Use hex2raw.bin instead of trying to type in your exploits!

Buffer Example

.data
prompt: .string "Enter a number: "
unused: .string "this will never appear\n"
.text

bad:
  sub $0x10, %rsp
  mov $prompt, %rdi
  call printf
  movq $0, (%rsp)
  mov %rsp, %rdi
  call gets
  mov (%rsp), %rax
  addq $0, %rsp // not sure why we need this
  addq $0x10, %rsp
  ret

.global main
main:
  call bad
  mov $0, %rax
  ret

never:
  sub $8, %rsp
  mov $unused, %rdi
  call printf
  add $8, %rsp
  ret

The initial empty stack diagram showing %rsp at 0x7ffff900 The second stack diagram showing %rsp at 0x7ffff898 with a return address of 0x4005ab occupying that 8-byte stack slot The third stack diagram showing %rsp at 0x7ffff888 (two slots = 16 bytes down) from before.
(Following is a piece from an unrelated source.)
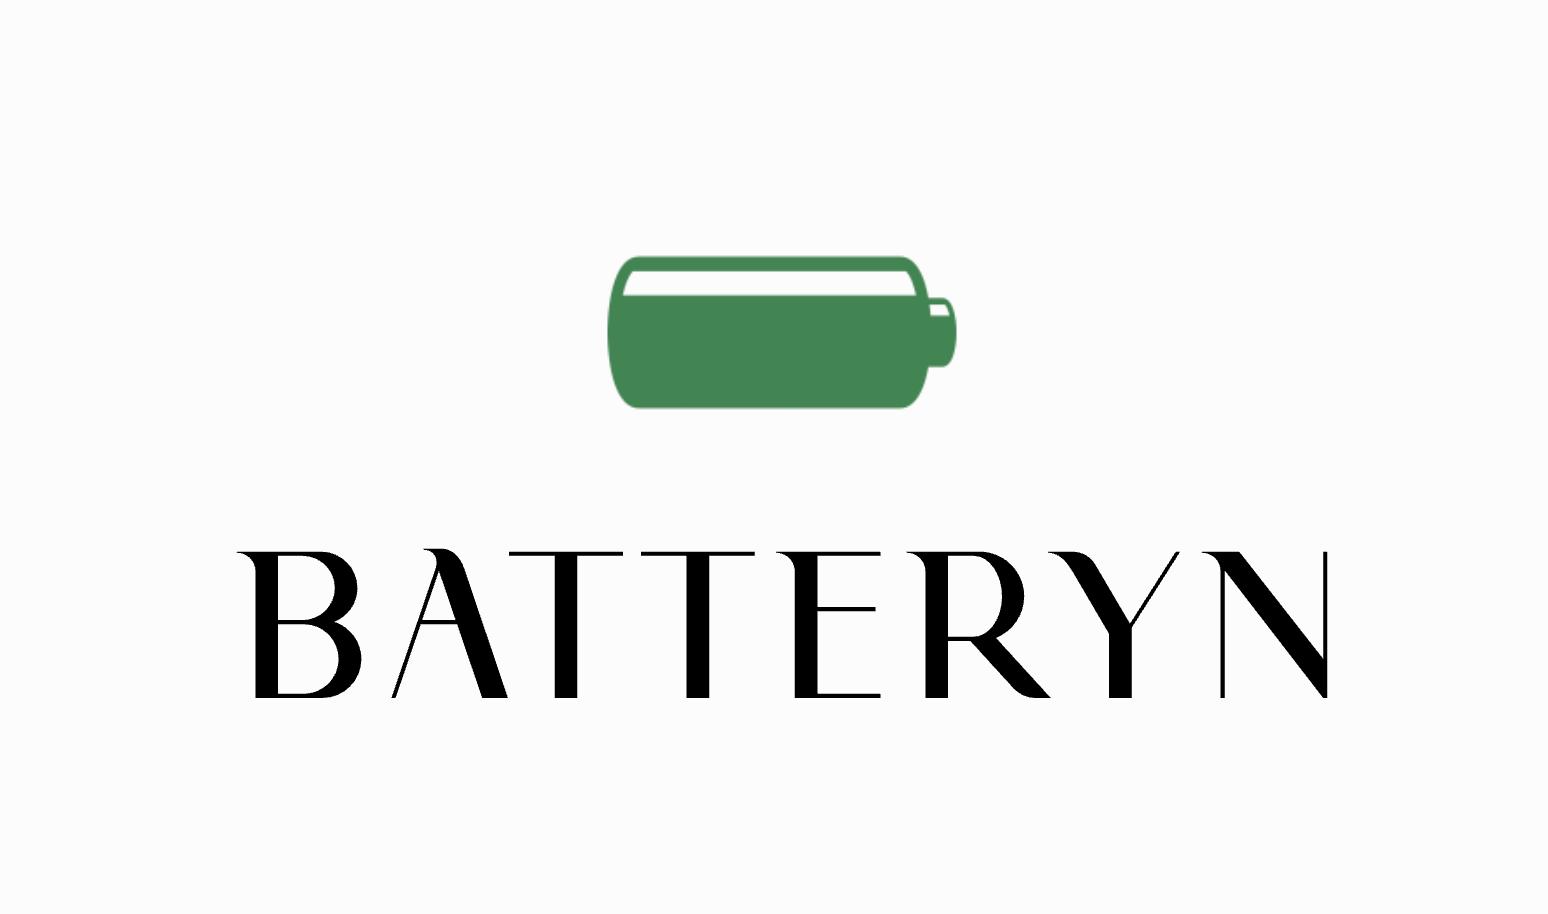 Case Study - Batteryn

The two new slots are empty. The fourth stack diagram showing %rsp still at 0x7ffff888. Now the two slots have been filled in with junk values 0x3736353433323130 and 0xc265646362613938 (bottom and top respectively). Additionally, the return address is now 0x4005b3 instead of 0x4005ab. The fifth stack diagram with the same contents as previously, but now %rsp is back up at 0x7ffff898 and the text “ret pops into %rip at this %point” is shown.